**THE RECORDS:**
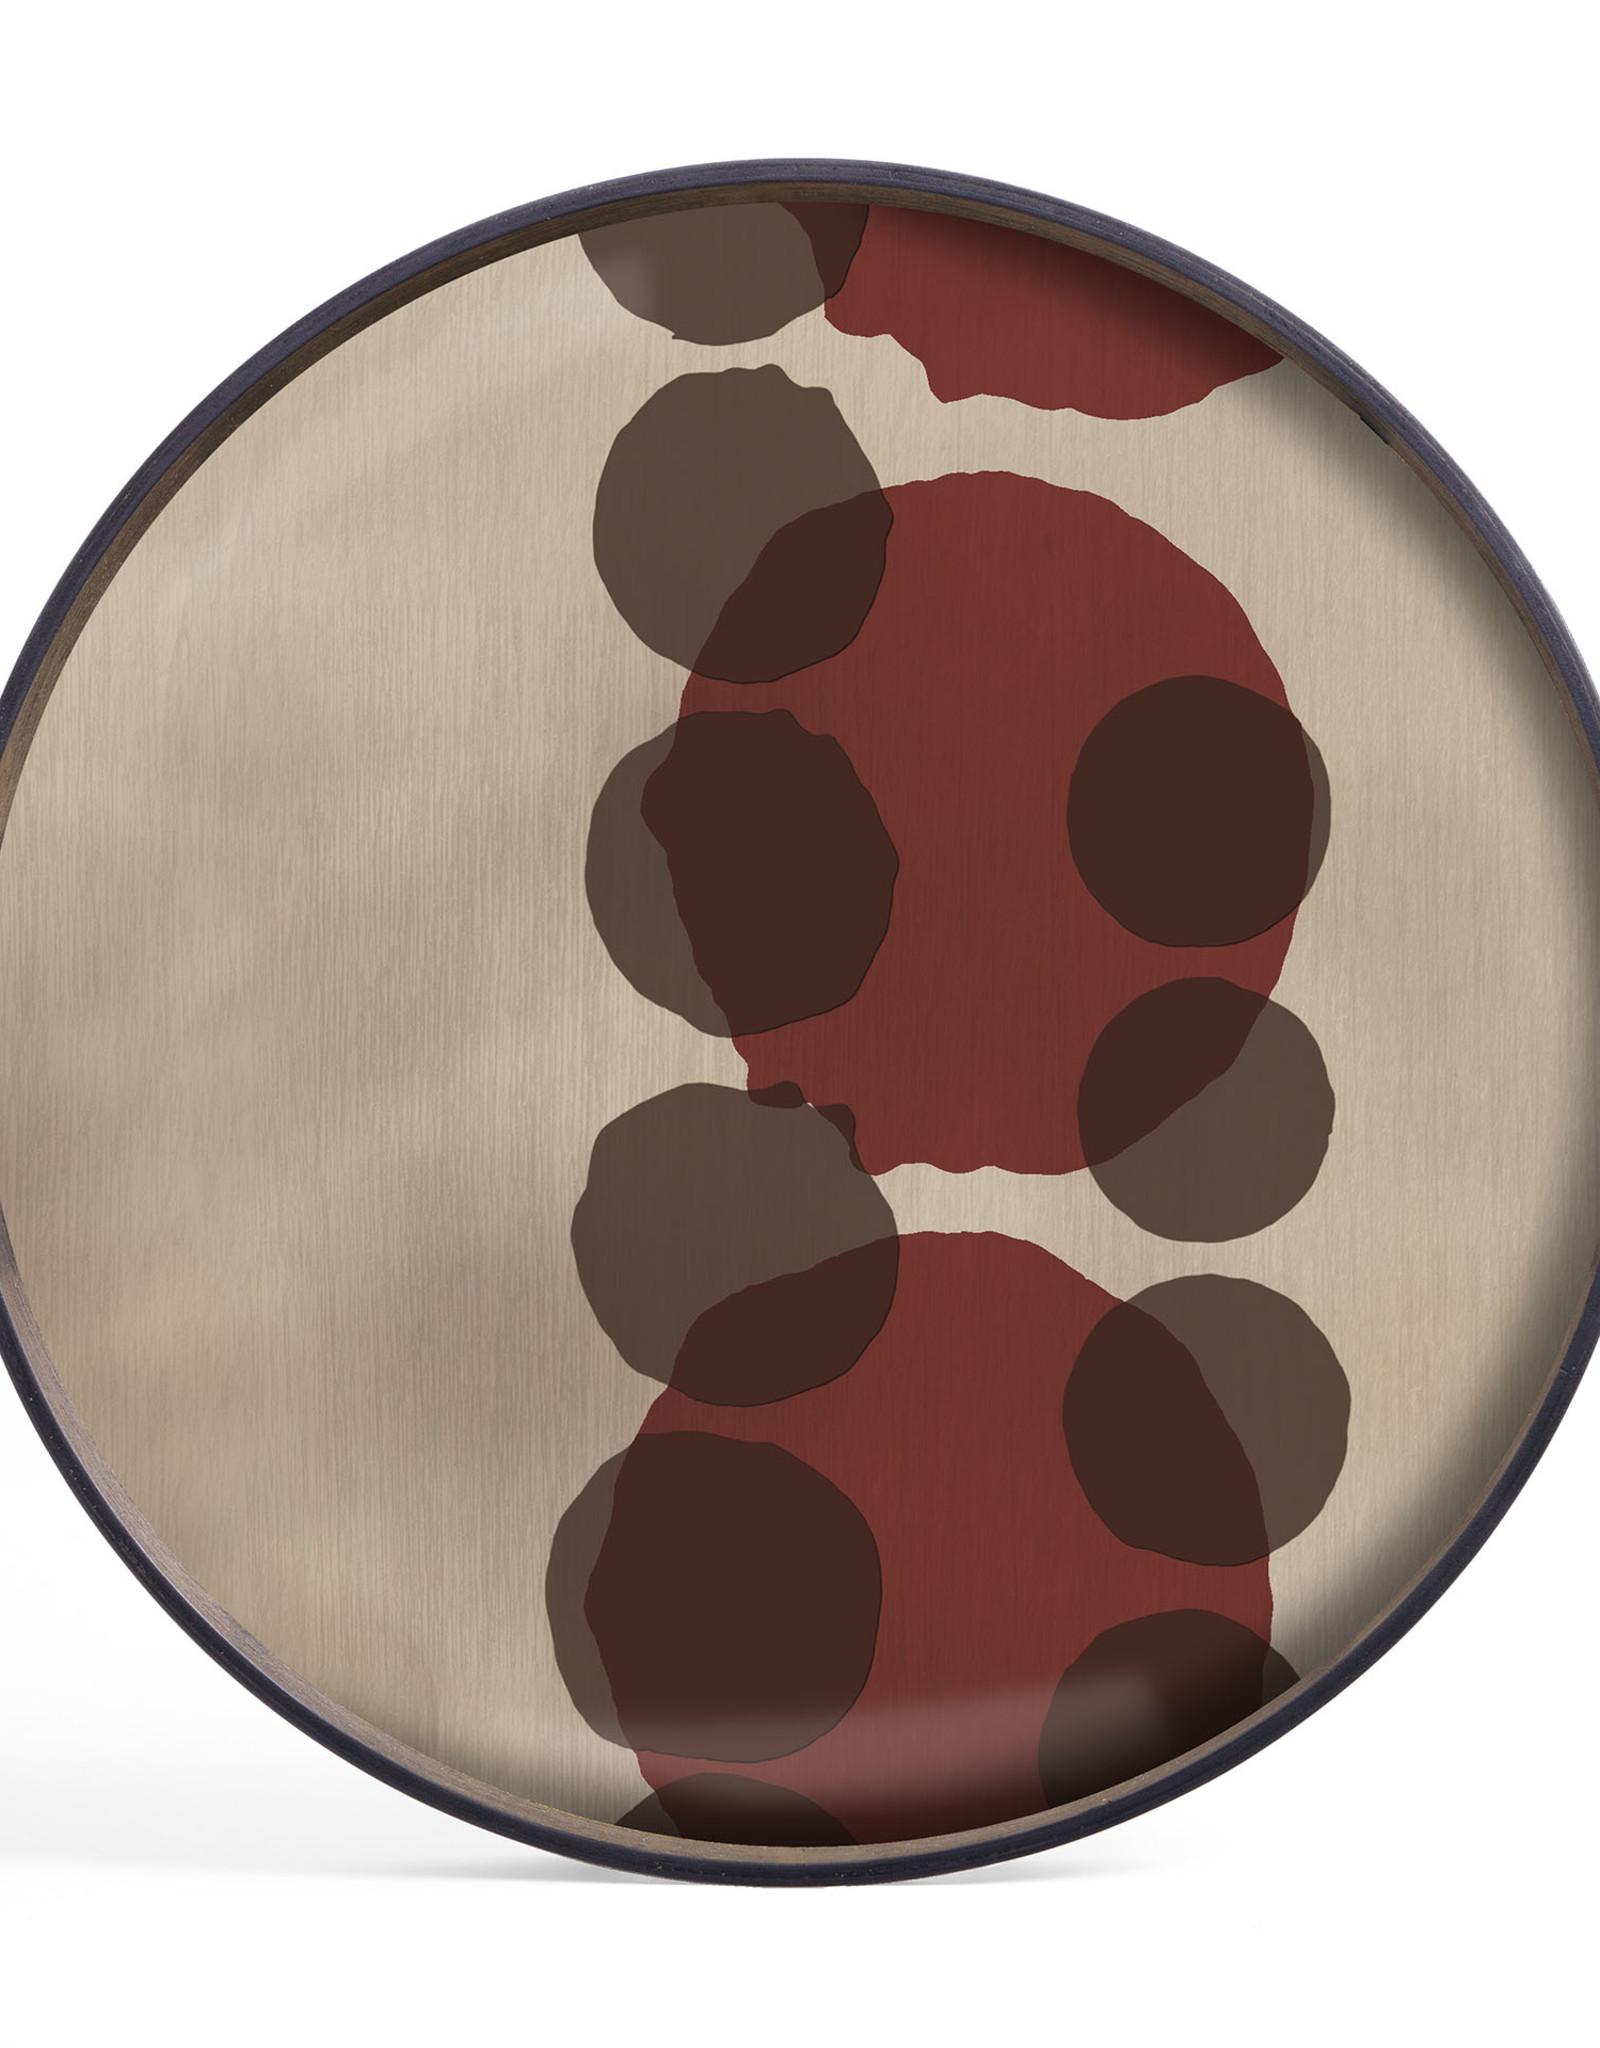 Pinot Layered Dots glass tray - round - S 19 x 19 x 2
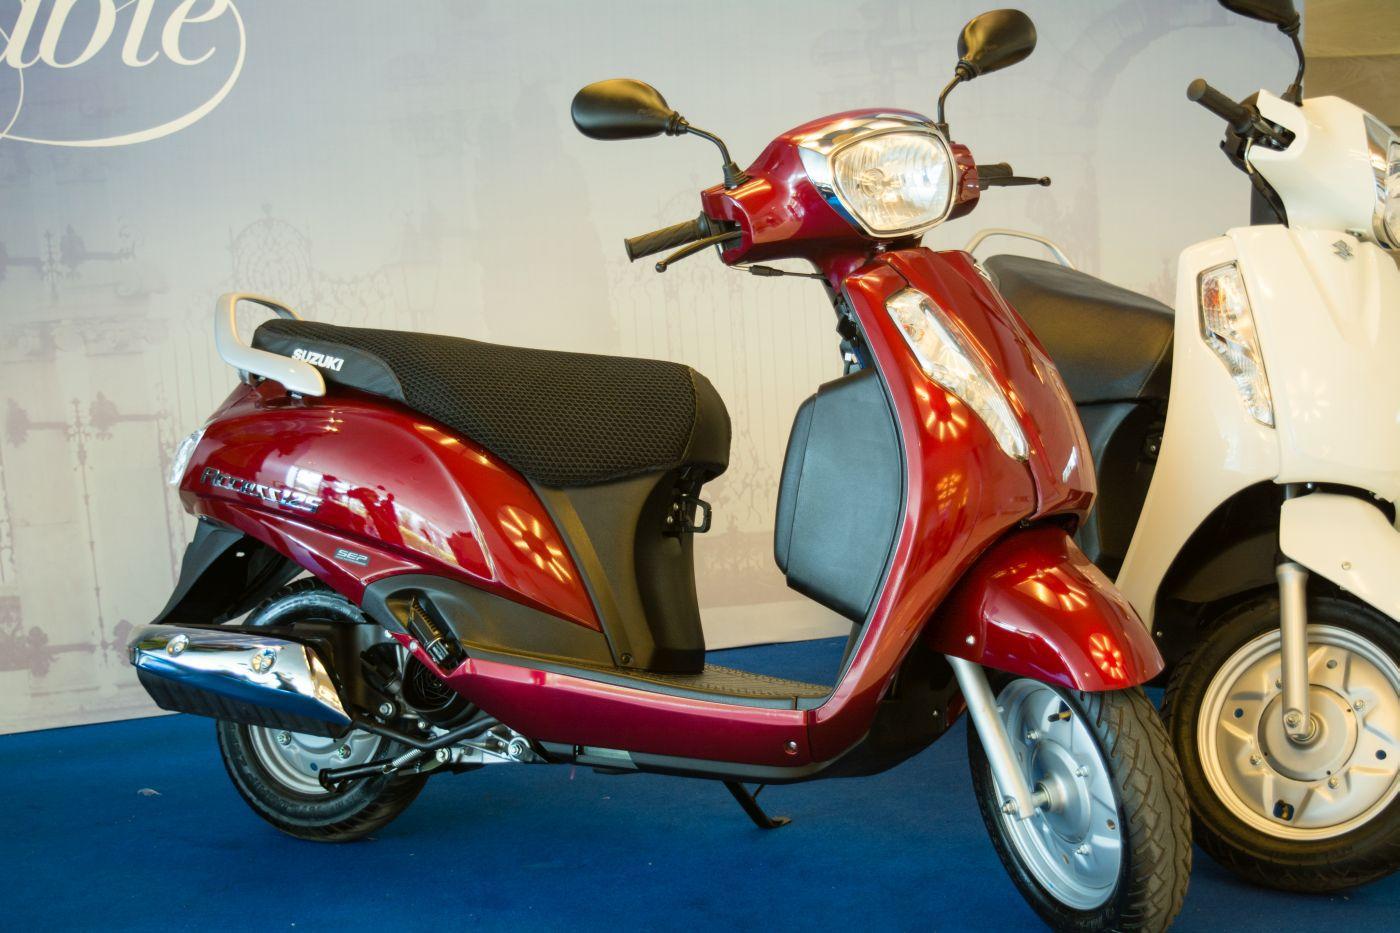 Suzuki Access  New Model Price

...

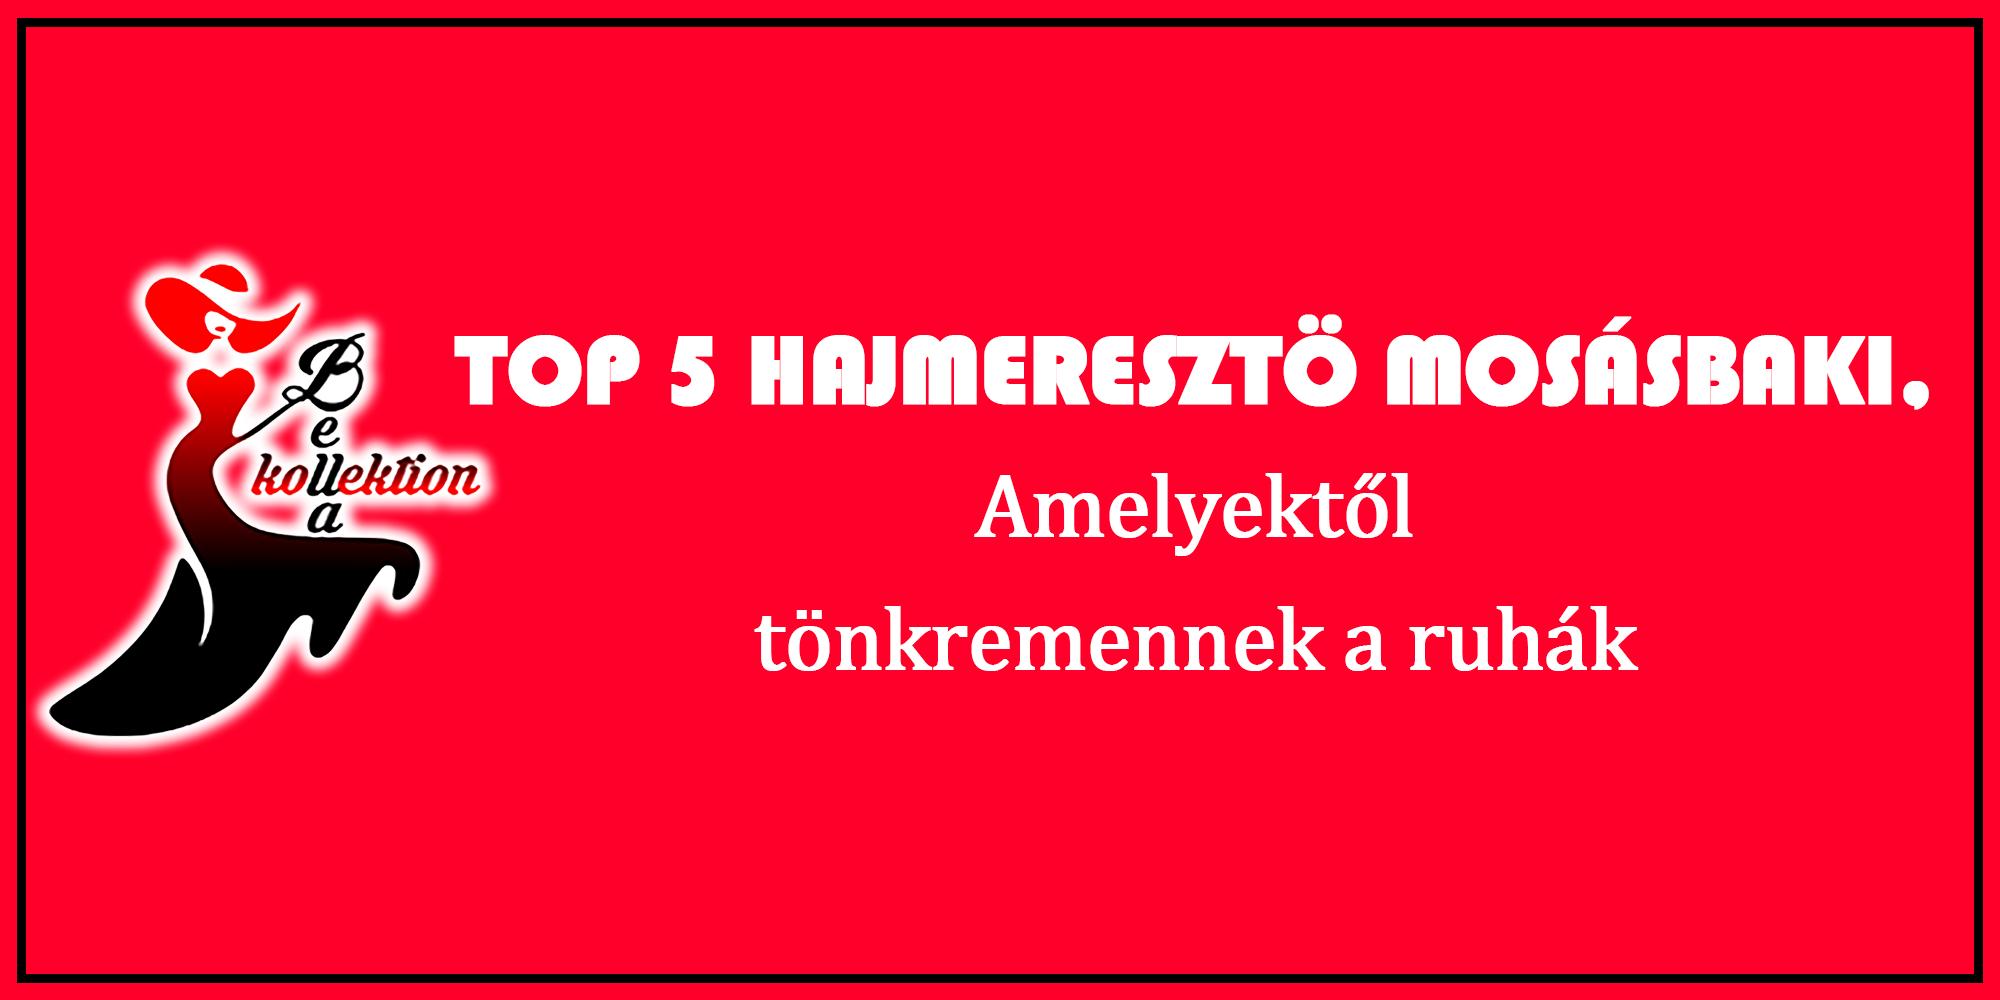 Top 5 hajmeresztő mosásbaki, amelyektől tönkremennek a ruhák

**WORK ITEM:**
The stretch to restate runs from the line above containing "Pinot Layered Dots" through the line containing "New Model Price". Copy it word for word, ends included, without pictures.

**EXERCISE RESULT:**
 Pinot Layered Dots glass tray - round - S 19 x 19 x 2
 Suzuki Access  New Model Price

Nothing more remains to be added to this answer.